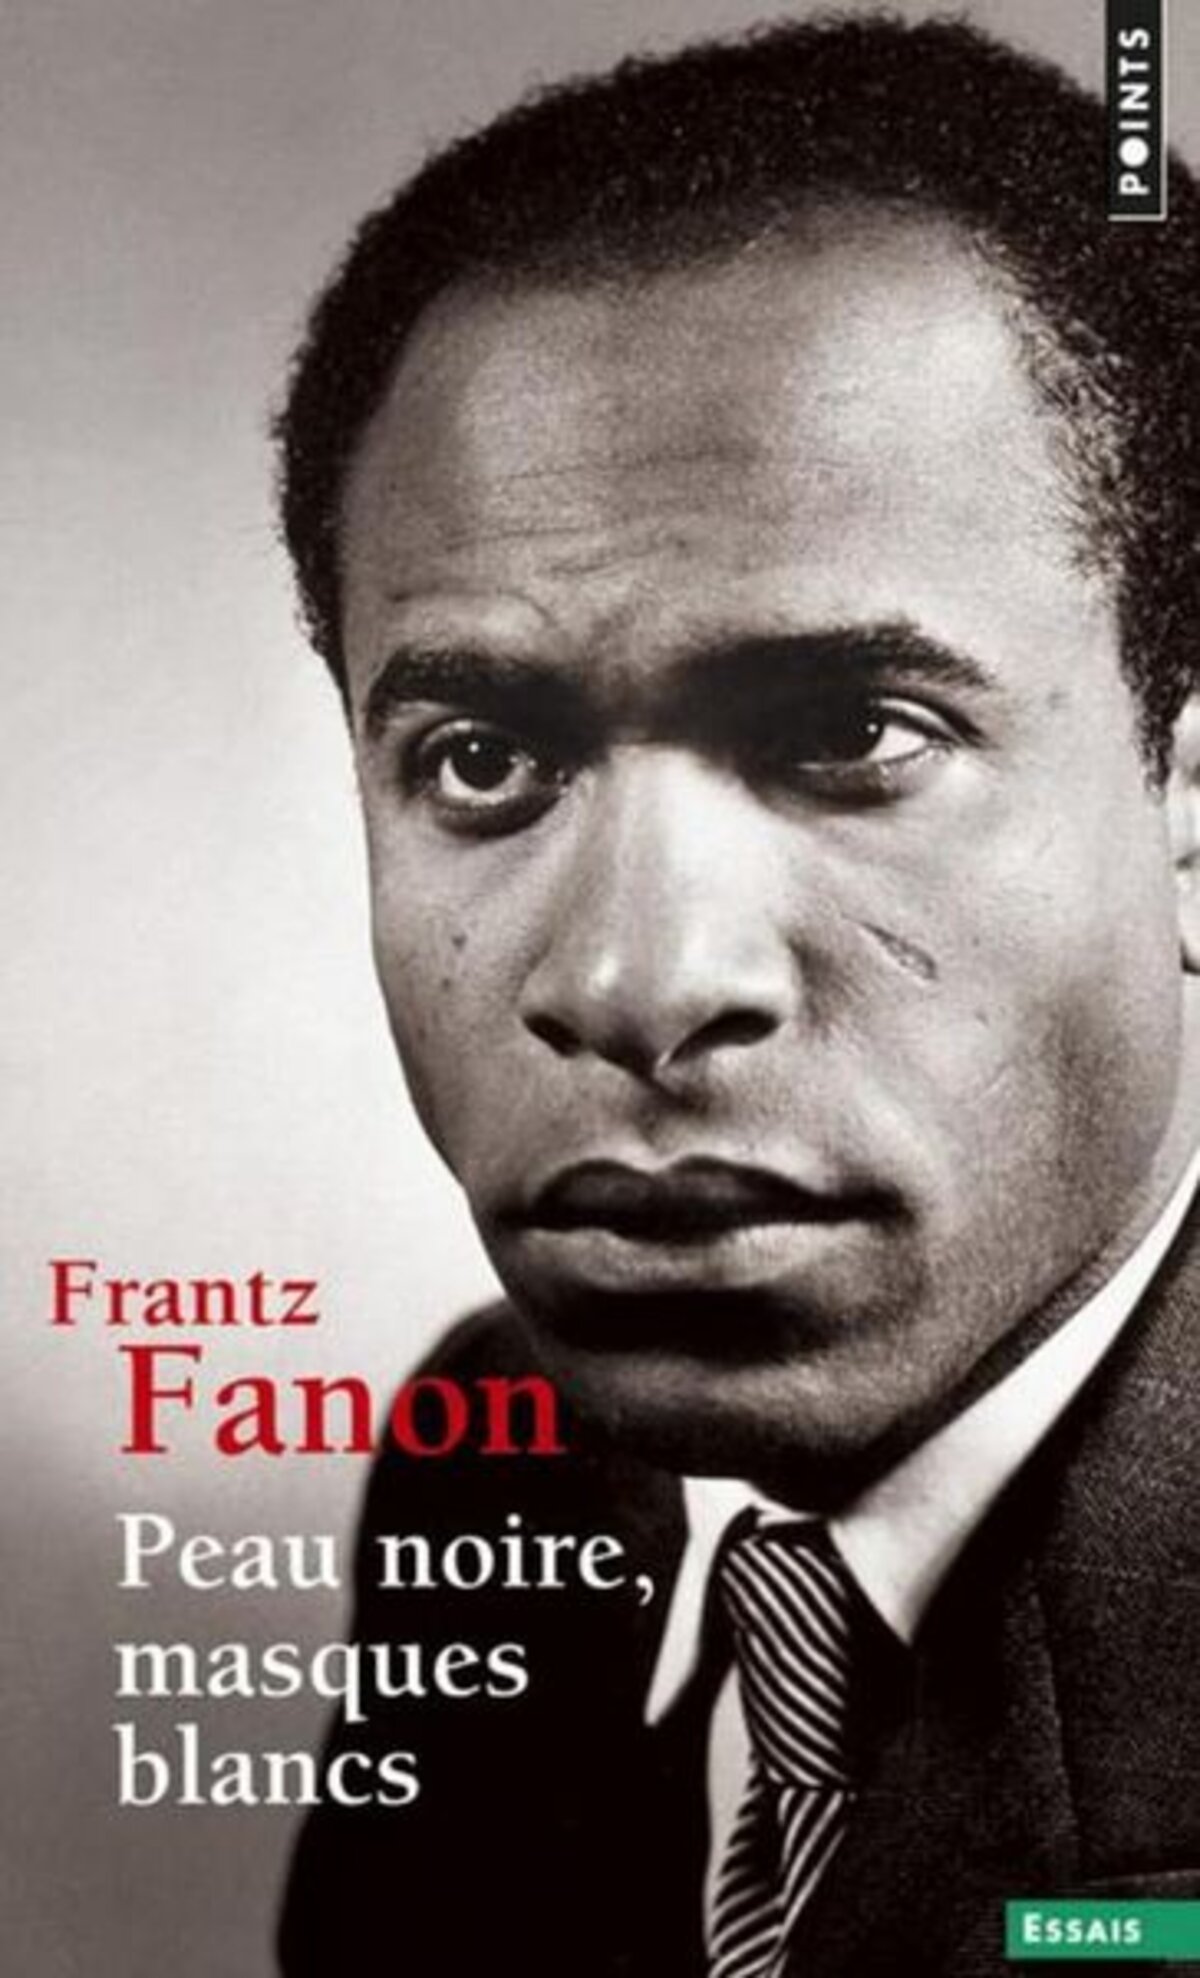 Frantz Fanon : face au racisme, l'universalisme radical
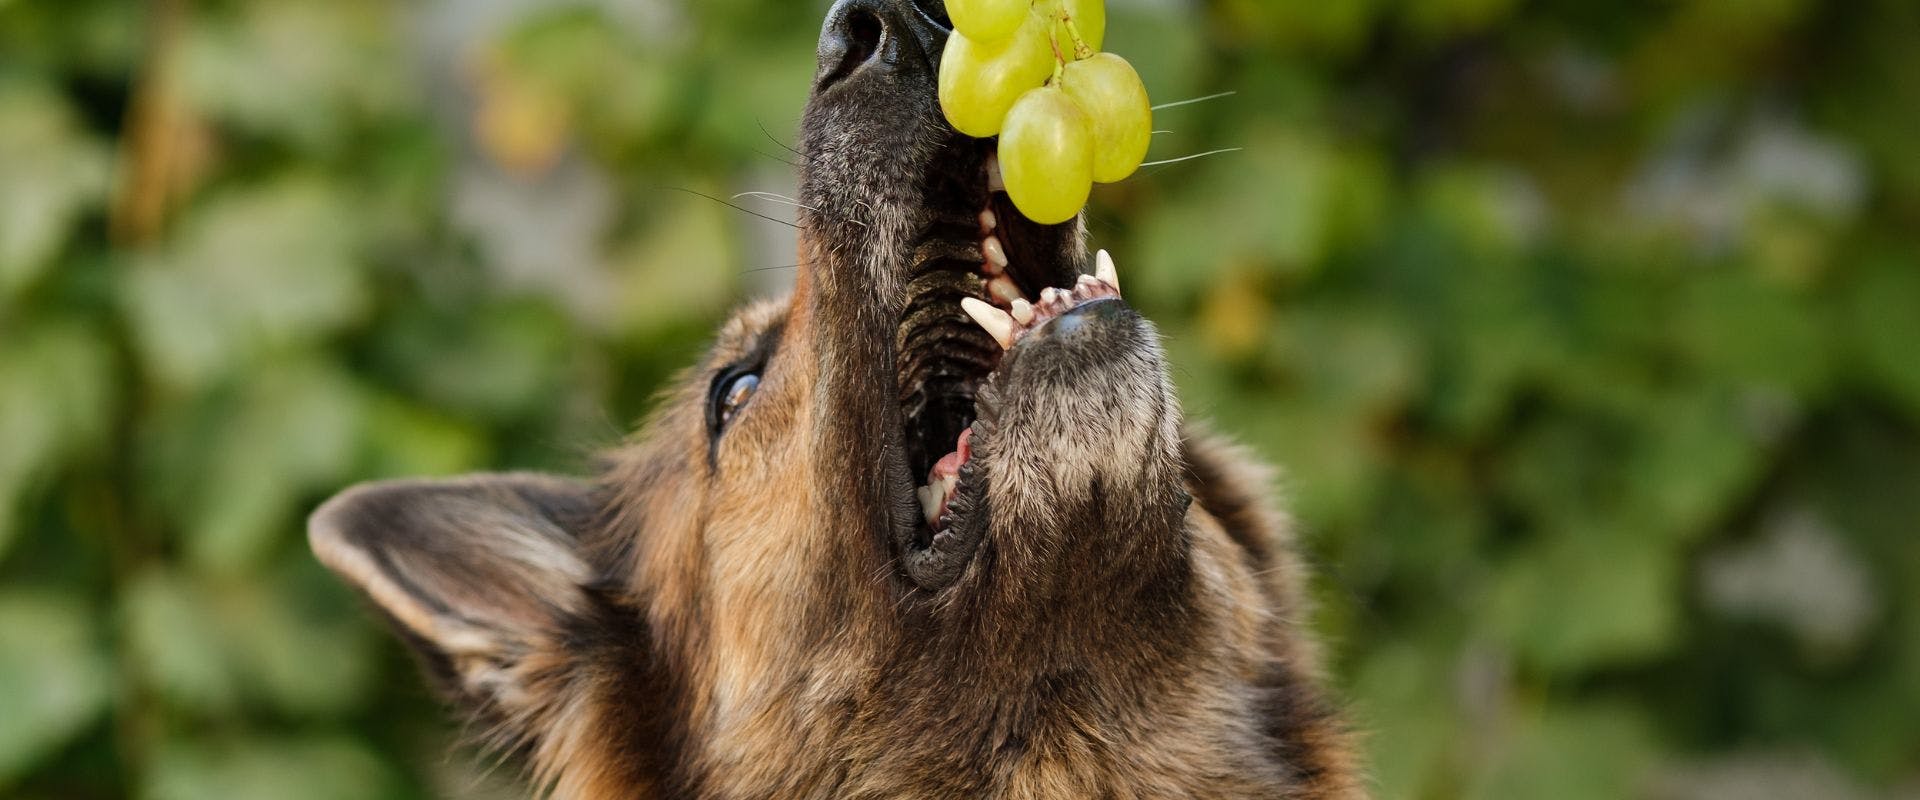 German Shepherd looking at green grapes
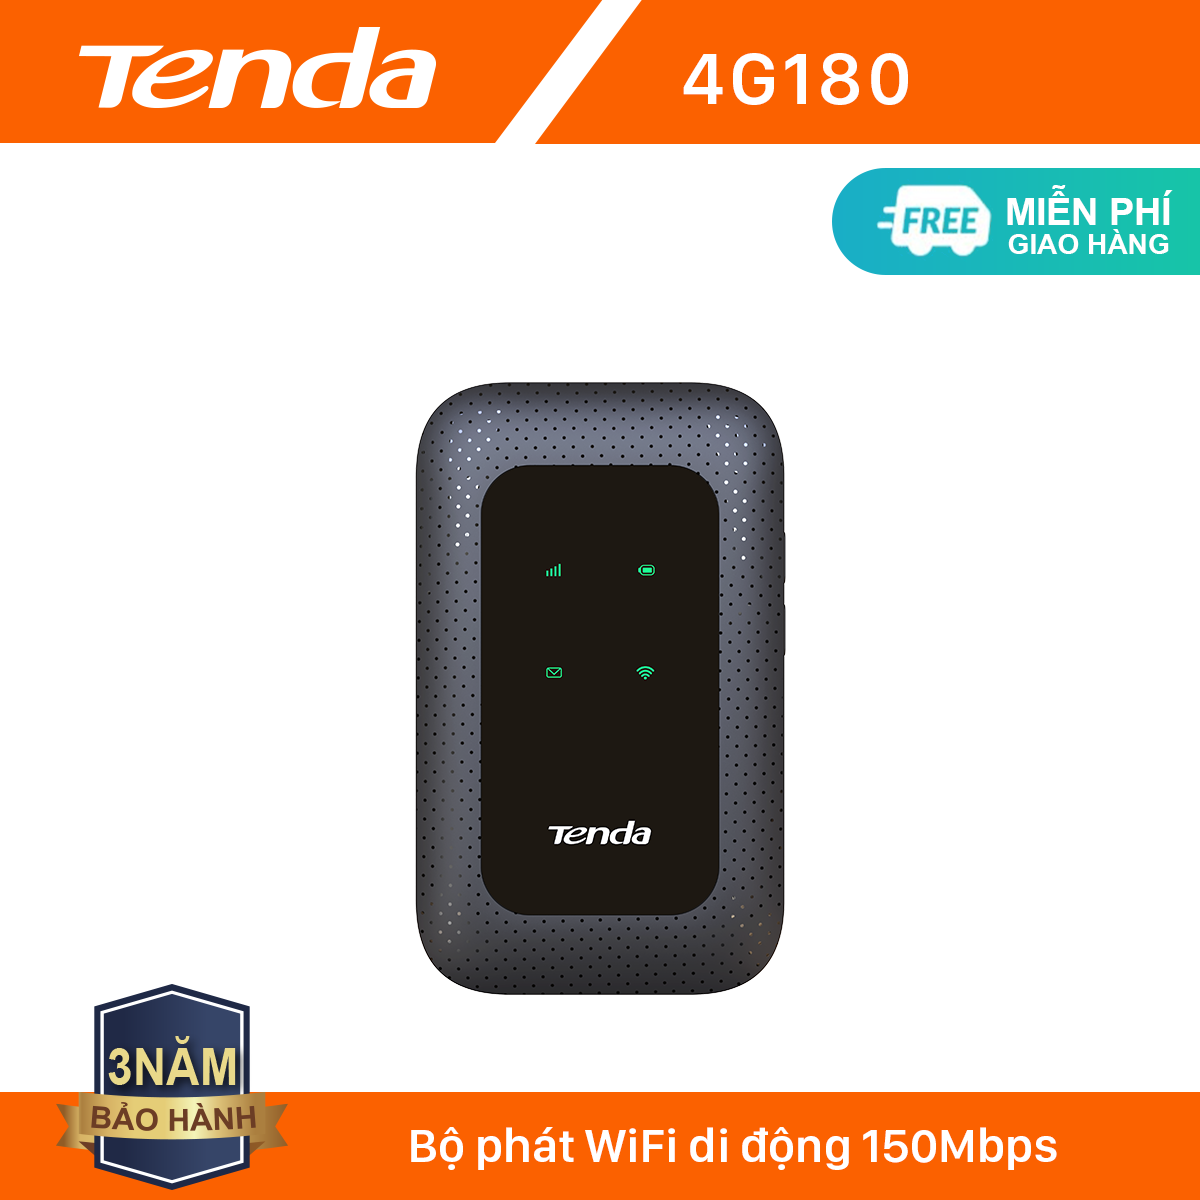 Tenda Bộ phát Wifi di động 4G LTE 4G180 – Hãng phân phối chính thức
__________________________________________________
■ TASK TO COMPLETE
This task calls for restating, word for word, each line from the line holding "German Shepherd looking at green grapes" through the end of the material, pictures left out.

■ SOLUTION FOR THIS PROBLEM
 German Shepherd looking at green grapes
 Tenda Bộ phát Wifi di động 4G LTE 4G180 – Hãng phân phối chính thức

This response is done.